— AVAILABLE DATA —
───

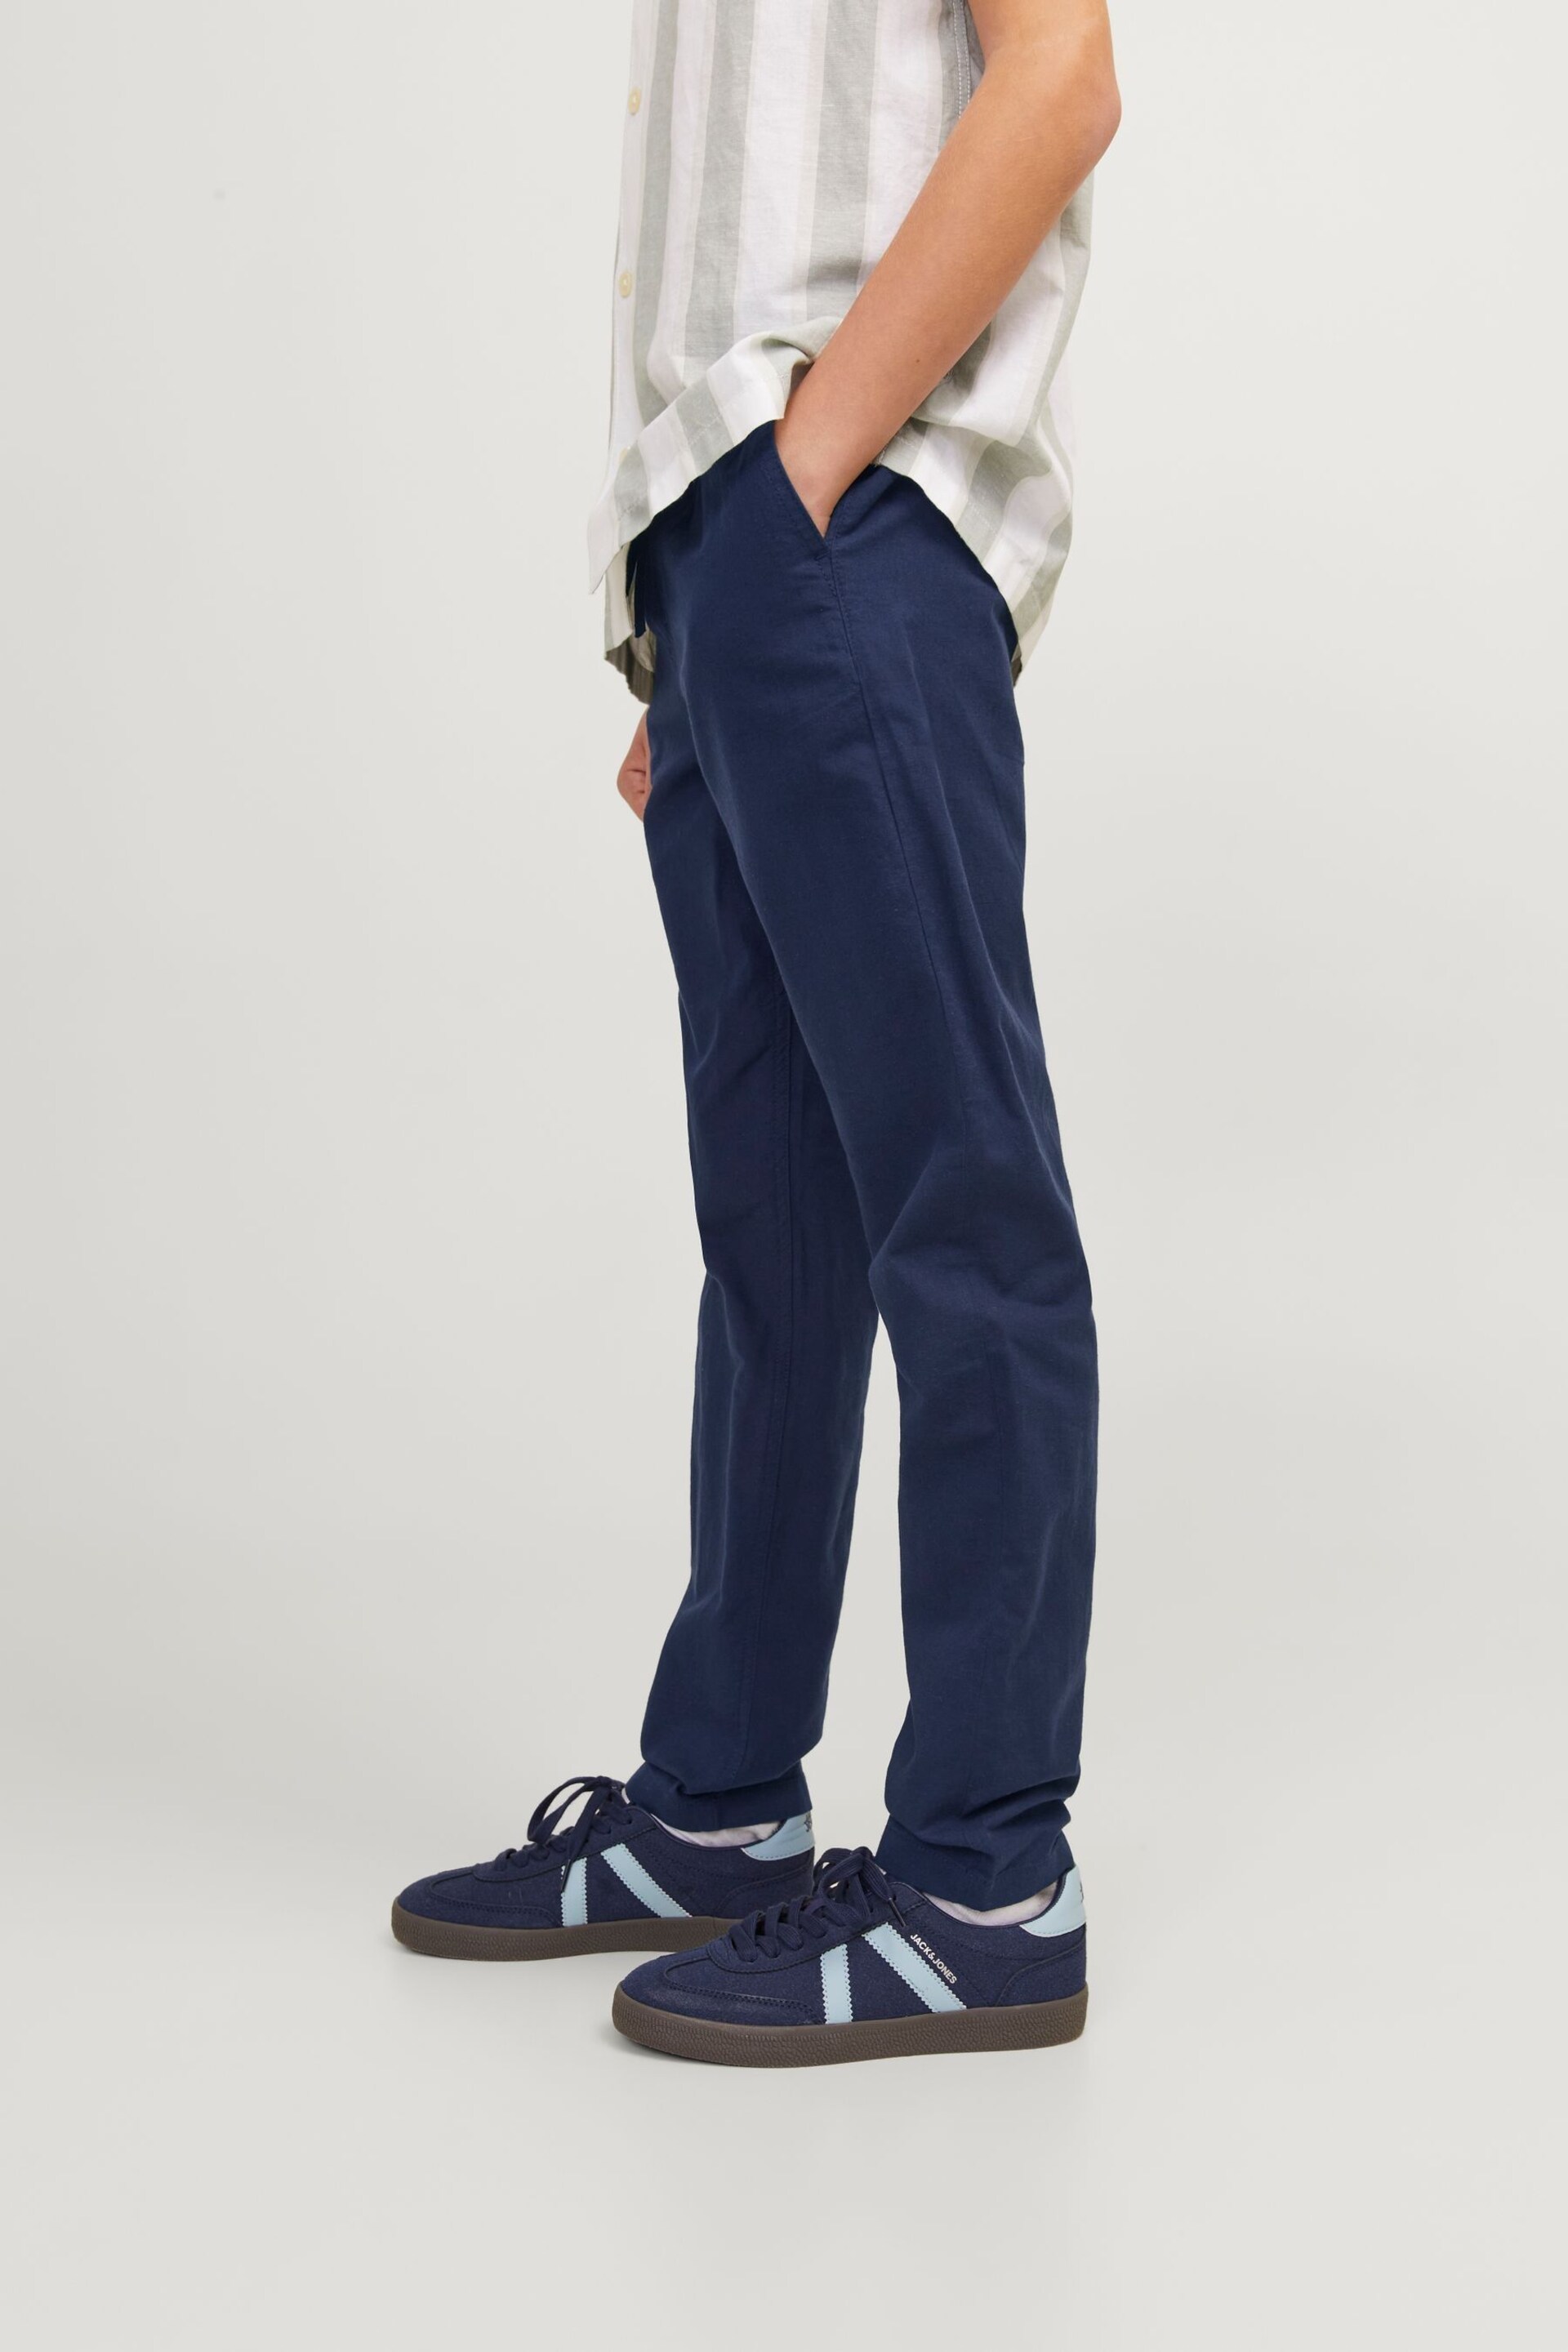 JACK & JONES JUNIOR Blue Linen Blend Drawstring Waist Trousers - Image 4 of 8
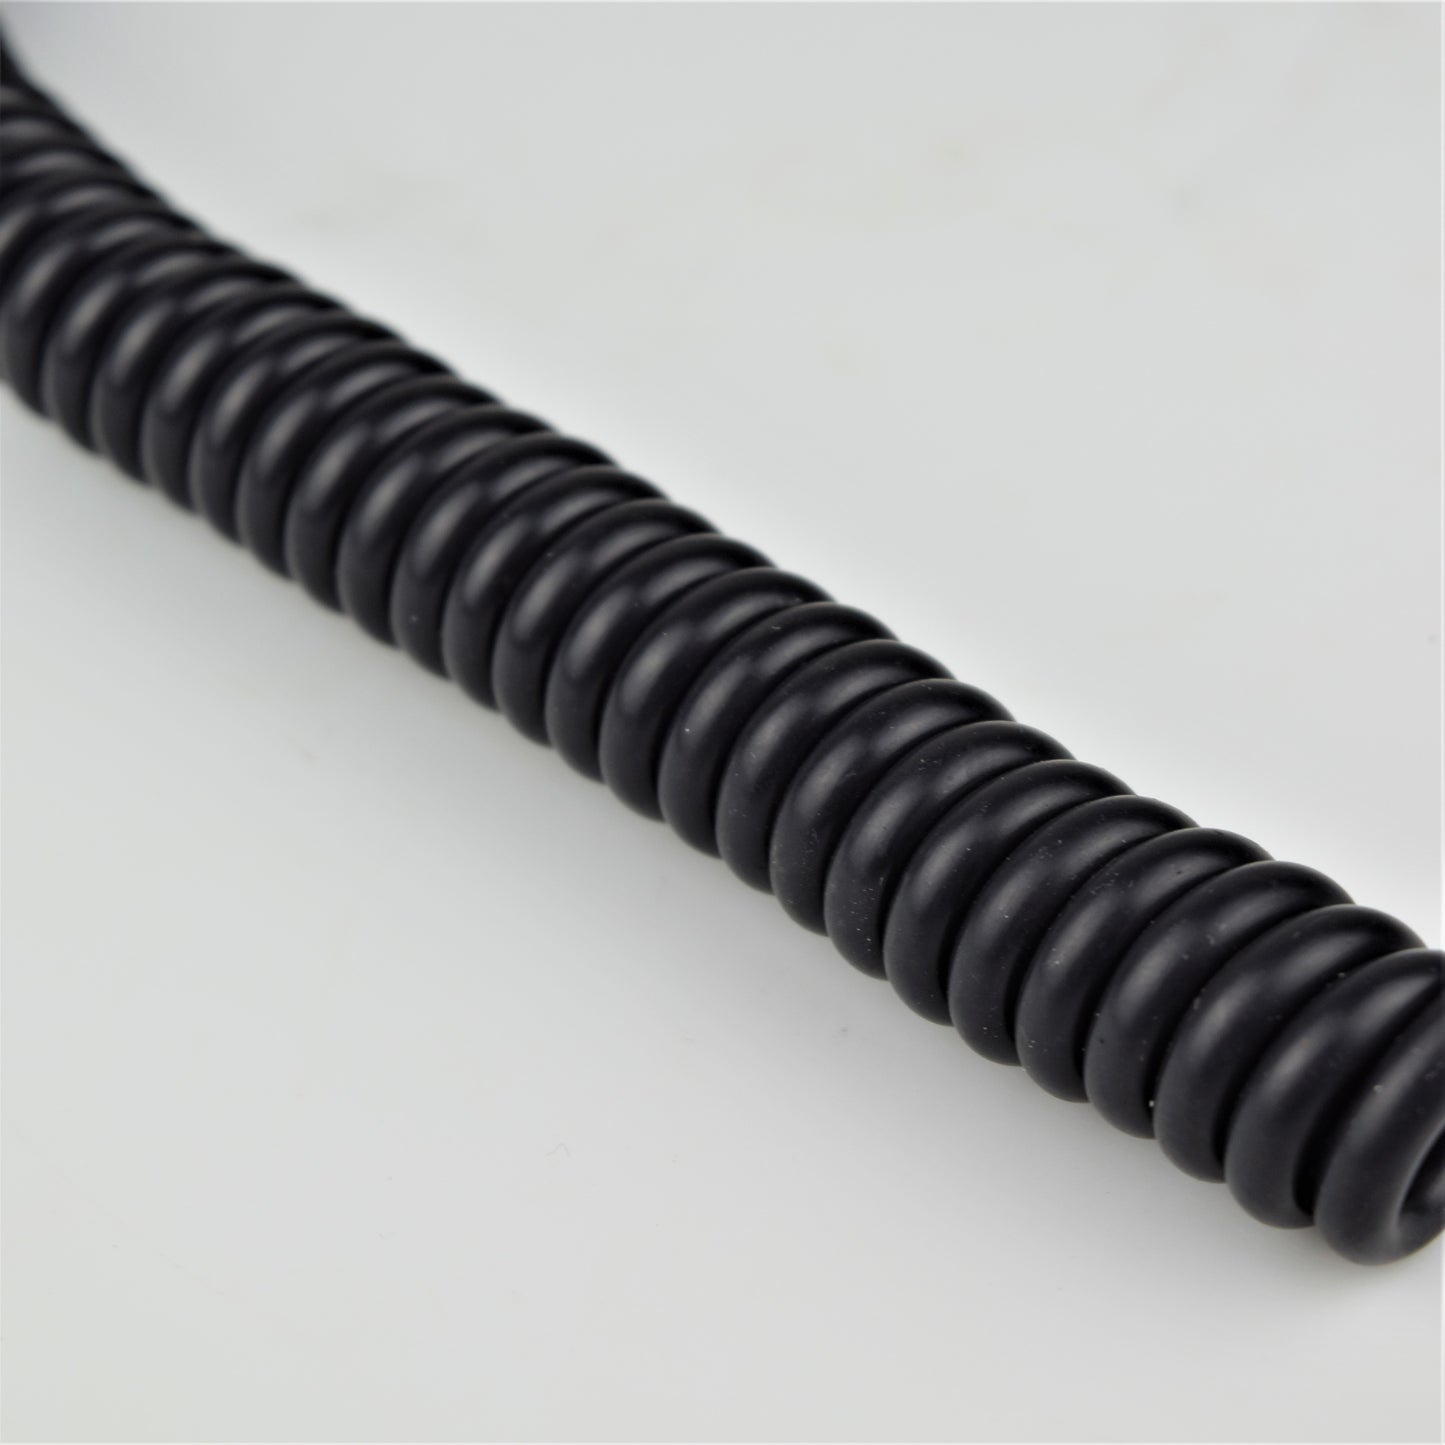 Cord - Handset - Black - Vinyl - Round - Curly - 3 Conductor - spade terminals
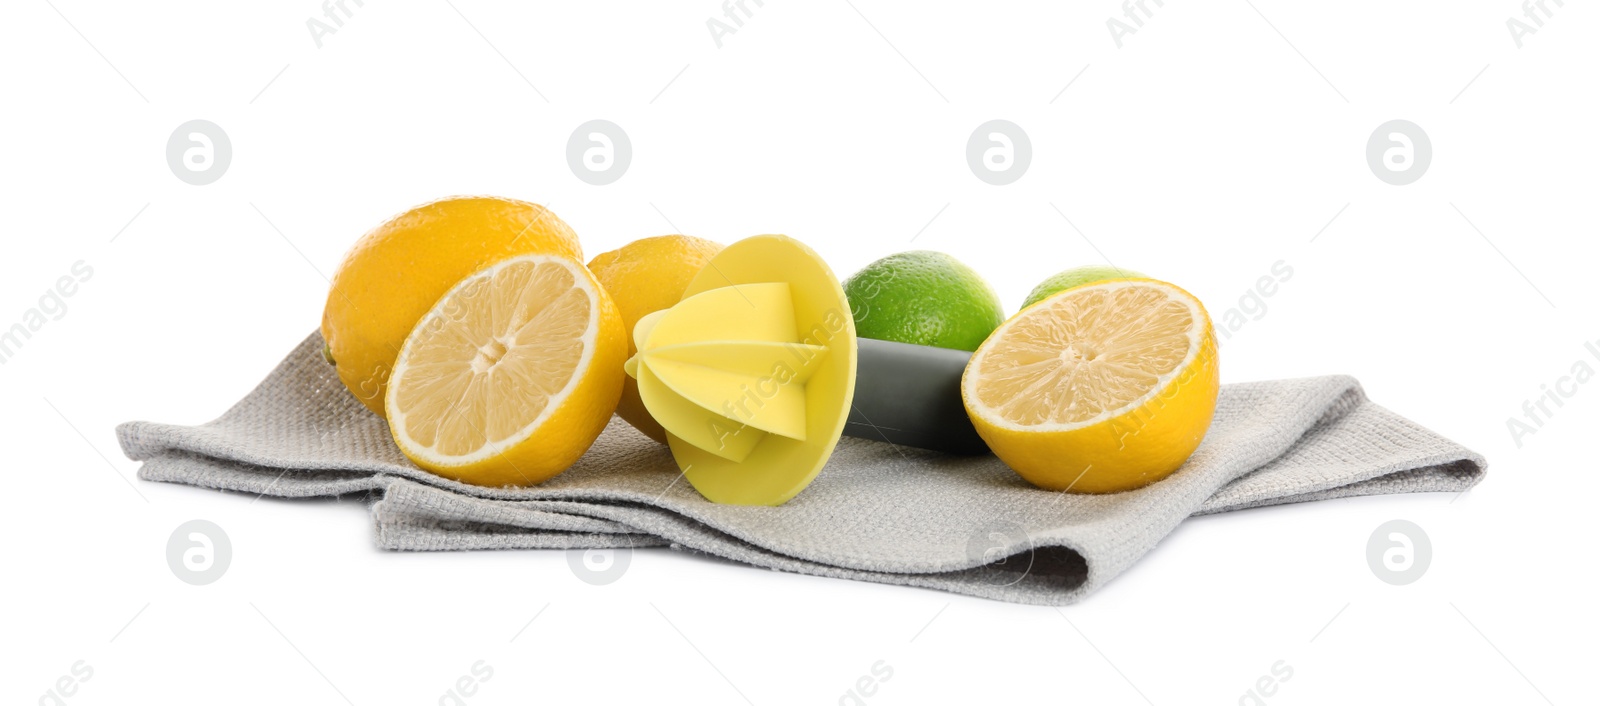 Photo of Plastic juicer, fresh lime and lemons on white background

───

— WORK ORDER —
The job is to return the listing above exactly, minus its pictures.

— EXERCISE ANSWER —
 JACK & JONES JUNIOR Blue Linen Blend Drawstring Waist Trousers - Image 4 of 8
 Cord - Handset - Black - Vinyl - Round - Curly - 3 Conductor - spade terminals
 Photo of Plastic juicer, fresh lime and lemons on white background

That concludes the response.